Our curriculum and program requirements are designed to prepare graduates for careers in several possible settings.

For the master's programs, these settings include:

  • Publishers and software companies looking for people with knowledge of cognition and development and experience in instructional design.
  • Research organizations seeking people to conduct basic research and work on instructional applications of computers and related technologies.

For the doctoral programs, work settings after graduation might include:

  • Research organizations or universities seeking faculty in cognitive psychology, educational psychology, educational technology, and reading.

Students beyond the M.A. level take more advanced courses, including a statistics sequence.

In addition, students register for research practicum seminars during which they complete a substantive project as a culminating experience for that degree. Choice of advanced courses and research seminars should be shaped by the students' area of focus, as described below. Students whose interests do not fit one of these tracks may design their own area of focus in consultation with their advisor.

Areas of Focus

Foundations in Cognition and Learning

Cognition and Learning is designed for students interested in theories of human cognition and learning, and experimental approaches to learning, memory, language, reasoning, and problem solving. The culminating experience for master's students in this concentration is to conduct an empirical research study in the area of cognition or learning.

Intelligent Technologies

Intelligent Technologies offers a program of study for students whose interests include developing cognitive science-based theoretical frameworks for informing the design of educational technology, as well as for students wishing to create educational applications that serve as test beds for such theoretical frameworks. By offering this area of focus, the Program in Cognitive Studies in Education recognizes the importance of computational and allied technologies to both guide and be guided by cognitive research. Many of the courses in this area of focus are cross-listed with the programs in Communication, Computing, and Instructional Technology in the Department of Mathematics, Science and Technology. As a culminating experience, master's students in this area of focus create and evaluate an educational technology application.

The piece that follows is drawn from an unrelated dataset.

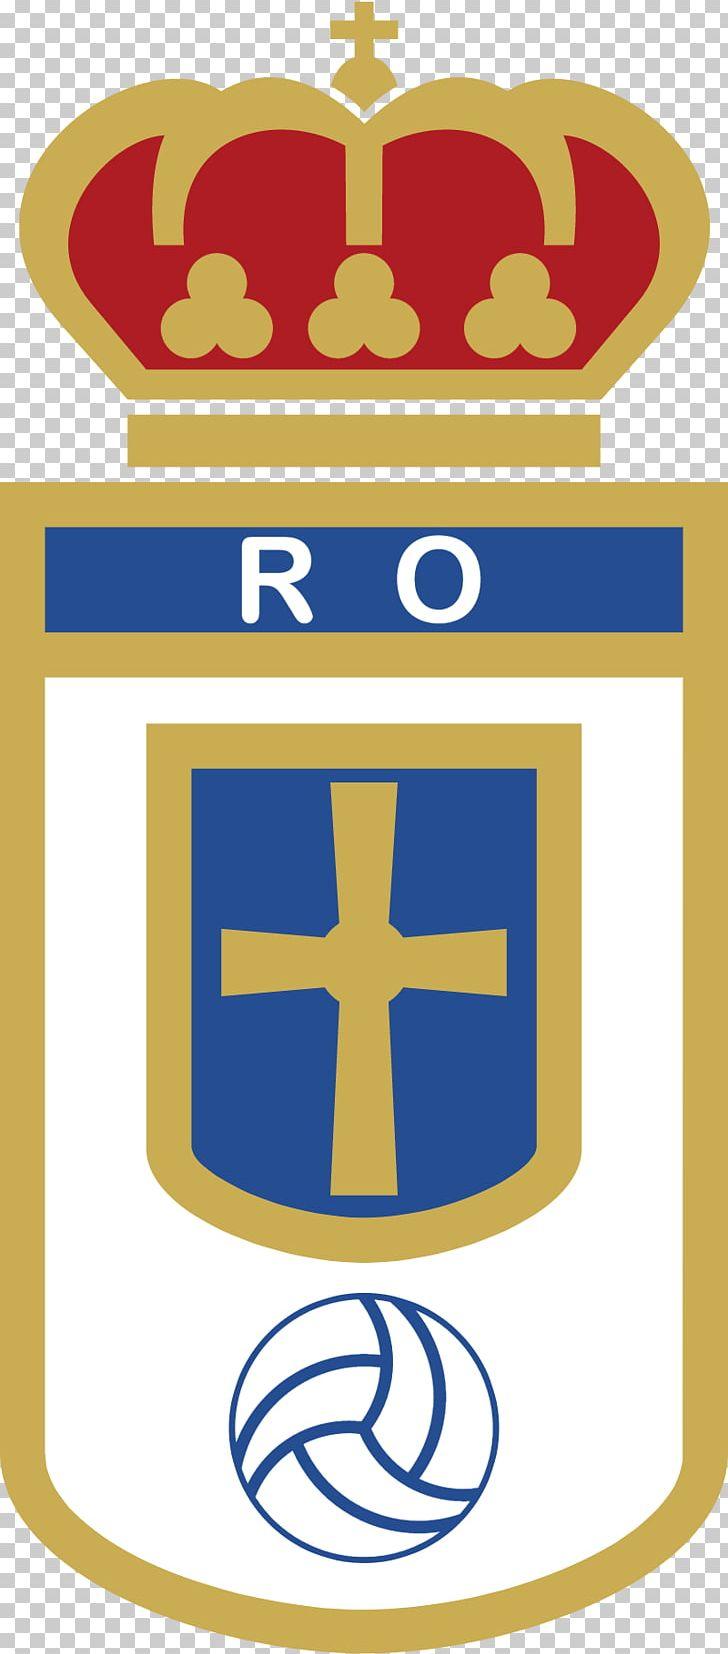 Real Oviedo Football Adobe Illustrator Artwork Portable Network Graphics PNG, Clipart, Area, Arrow Electronics Logo, Artwork, Asturias, Brand Free PNG Download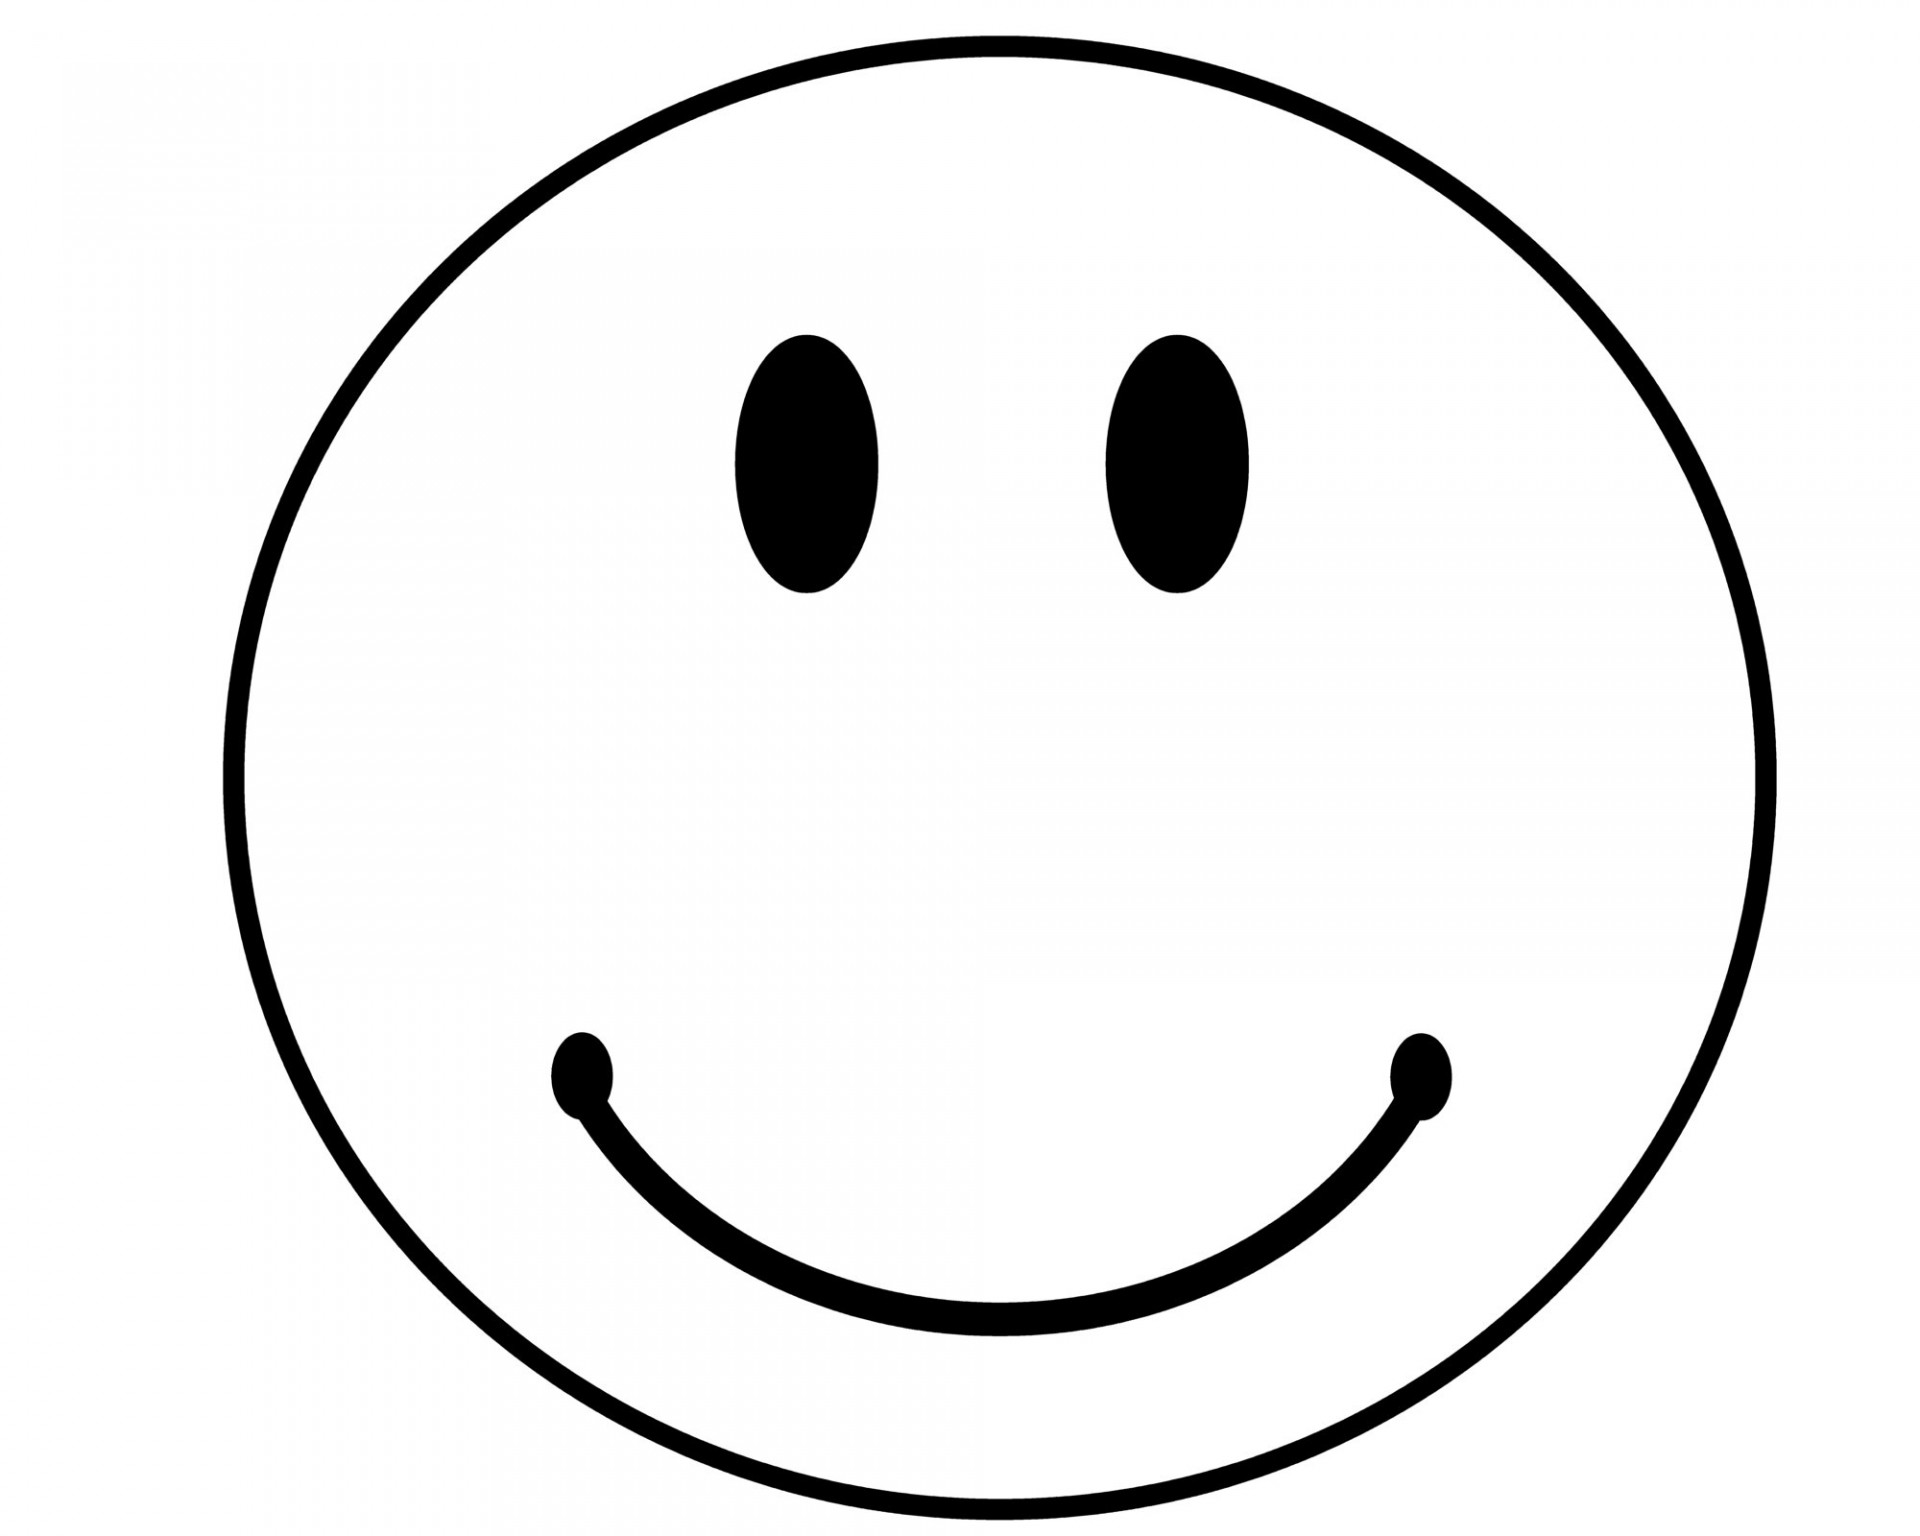 Free Clip Art Smiley Face Tumundografico-Free clip art smiley face tumundografico-7

Applications is for students interested in understanding and facilitating the thinking and learning involved in educational activities. Students will learn about cognitive processes involved in both formal and informal education and how they are influenced by various factors, including classroom structure, teacher belief systems, student motivation, and educational policy. The focus on understanding cognitive processes and development is designed to help prospective and practicing teachers and other educators improve educational practice. The culminating experience for master's students is an empirical study of cognition in a classroom setting.